Without getting too technical, horses between the ages of 2 through 4 experience 24 changes in their mouths over time as they age. Of course, this is the time when we're typically training them for the use for which they are intended. Dental exams can help rule out mouth issues if the horse becomes a challenging 'trainee'. Trainers tend to request that a first float be performed at the age of 2, however, it's important to remember that a float performed at this age will be completed on 'baby teeth' that will be shed. Horses typically have all of their permanent teeth erupt by the age of 4. This is also when canine teeth will begin to erupt.

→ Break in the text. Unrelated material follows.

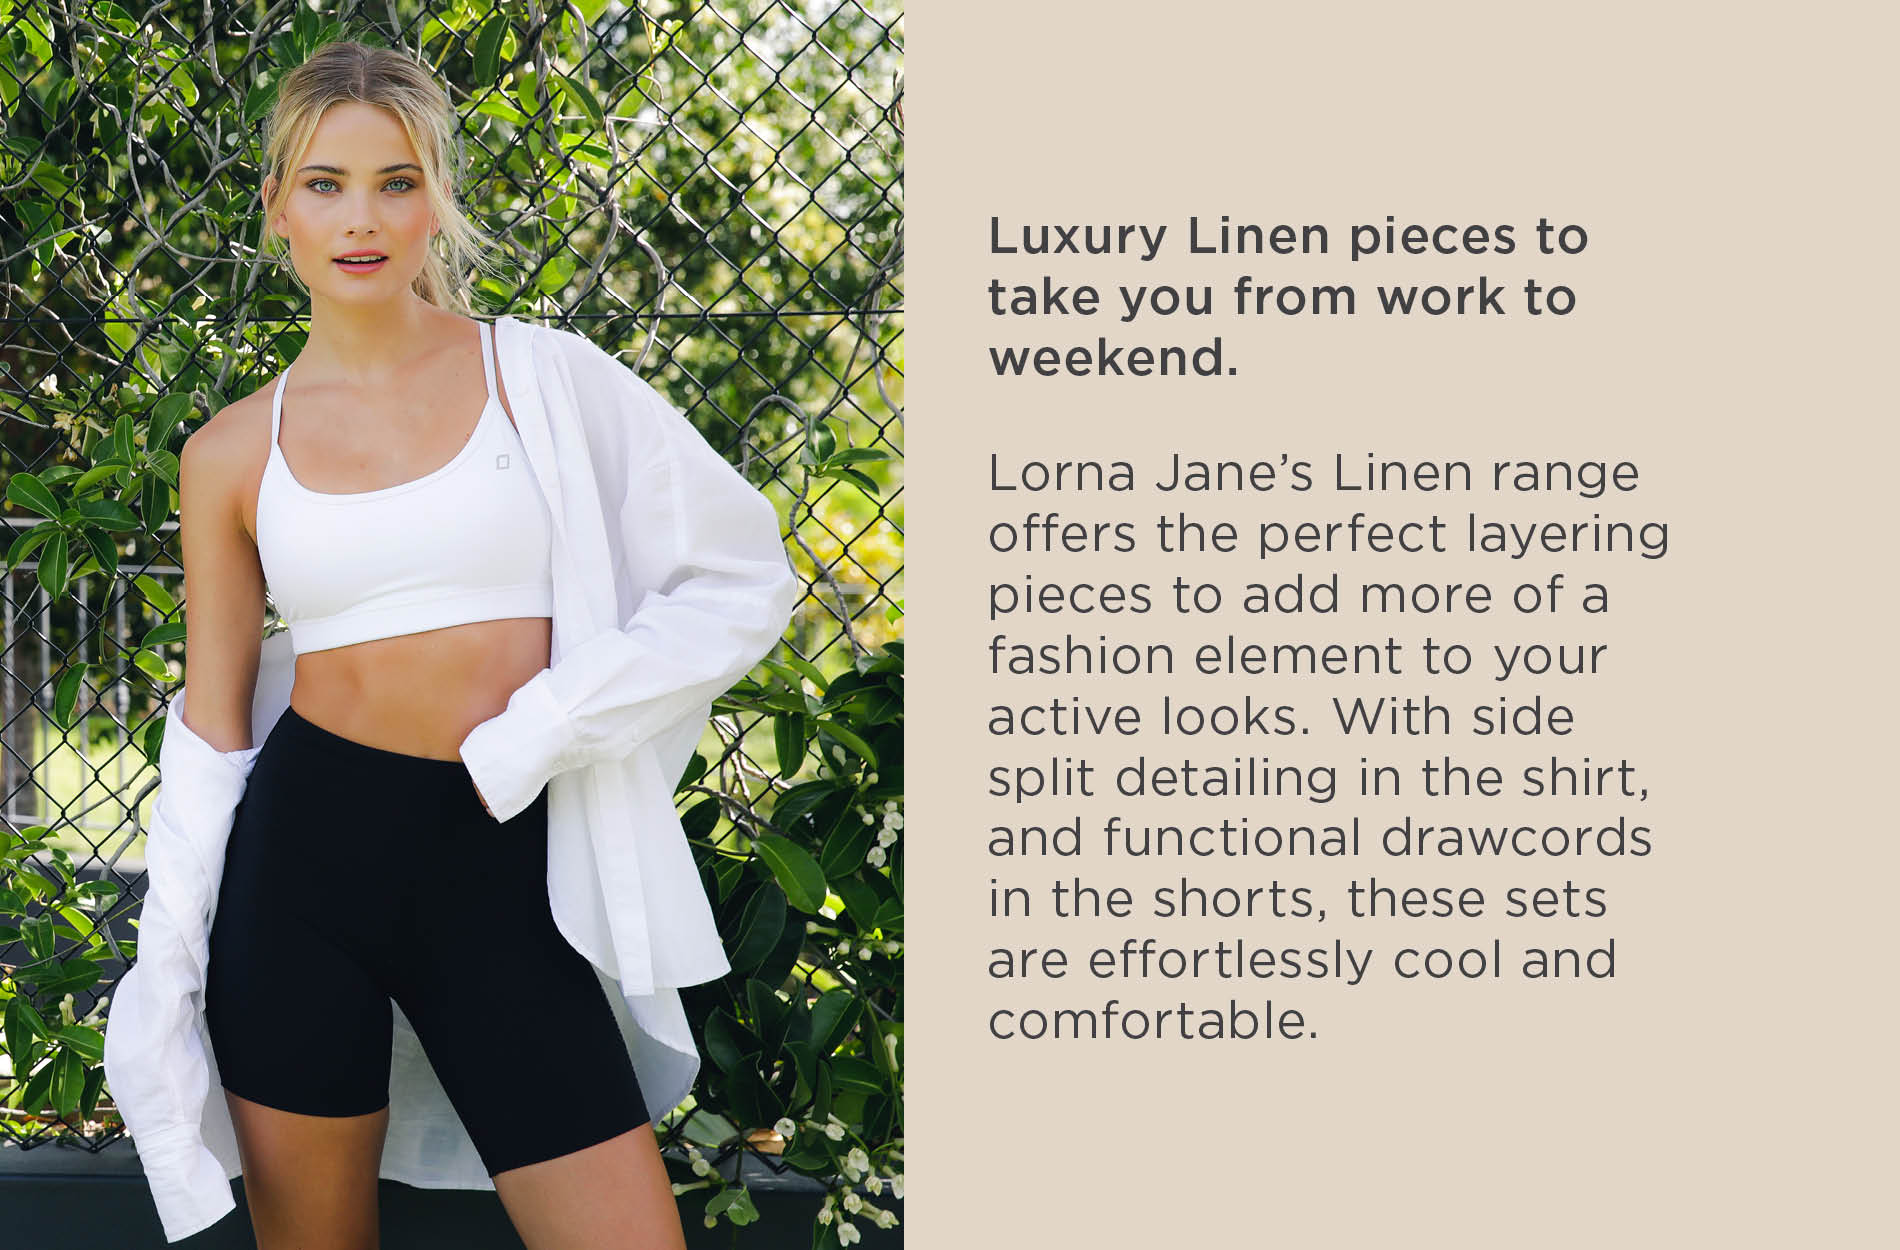 The Lorna Jane Linen Loungewear Collection Information
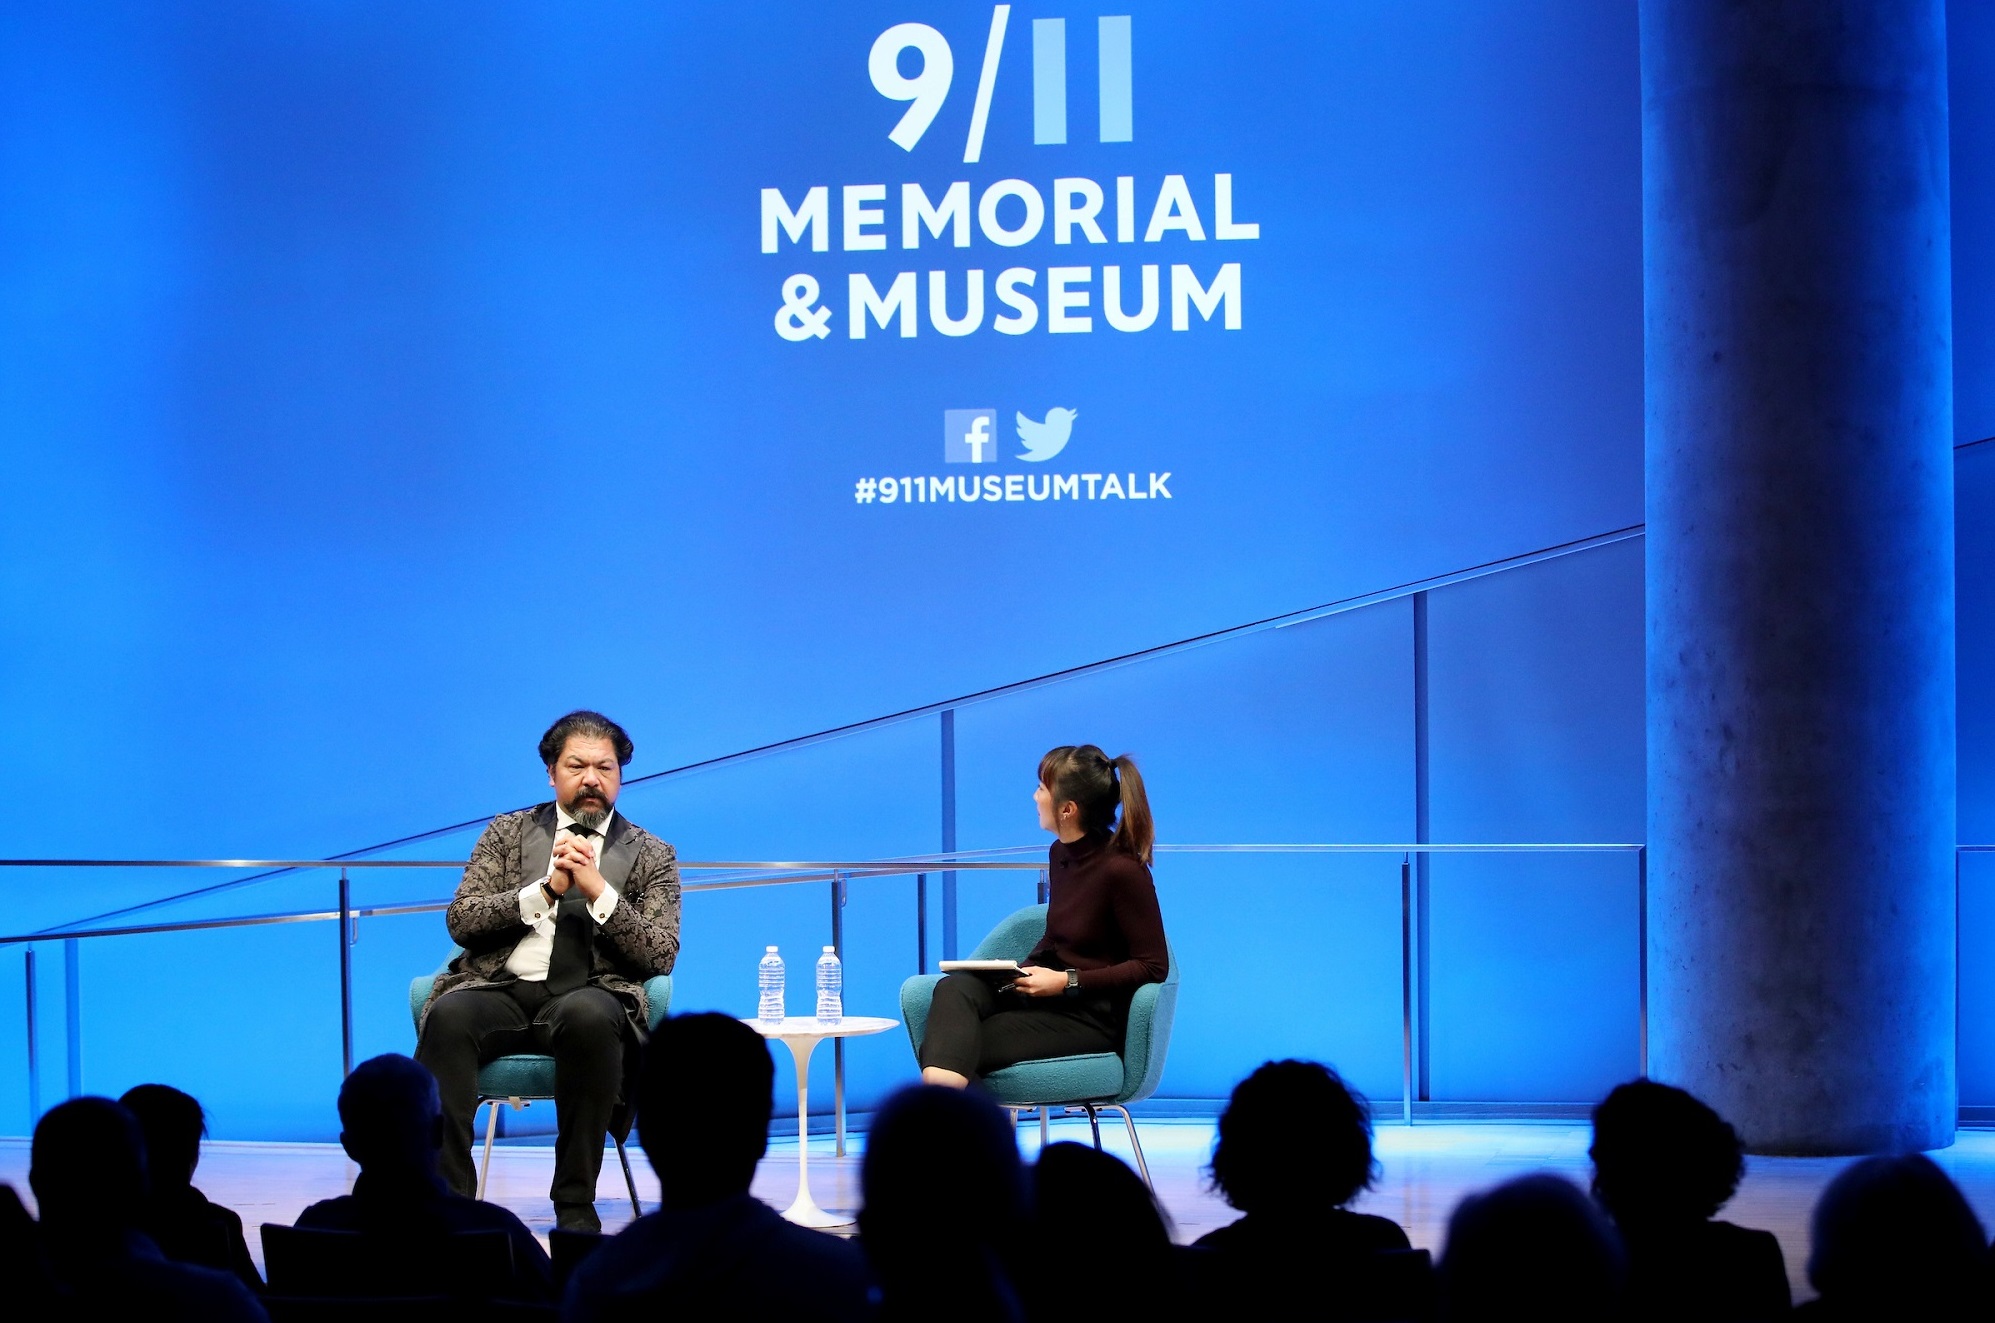 This wide-angle photo of the Museum Auditorium shows Cellist Karim Wasfi and a woman hosting the event seated onstage in the distance. Wasfi has his hands clasped together as he speaks. A wall behind the two participants is lit blue and features the logo of the 9/11 Memorial & Museum.

Adult Horses (5+ years) require annual dental maintenance to ‘float’ the surface of the teeth at the proper angle to ensure that the horse is chewing properly and comfortably. Hooks, waves, or protuberant teeth may develop which need to be addressed and canine teeth (typically found in male horses but can be present in females) need to be reduced and filed. Any accumulated tartar should also be removed. If wolf teeth are still present and the horse is being ridden, extraction is recommended. ​


Elder Horses (20 years+) whose teeth have slowed in their rate of eruption should to be checked regularly to ensure that the teeth are wearing evenly. Annual floats are still recommended until it's determined that the horse's rate of eruption has significantly slowed, or stopped, or until the horse does not have enough tooth structure to warrant the procedure. As teeth are shed through the elder years, a softer diet might be required to ensure that the horse is getting the proper nutrients through its feed.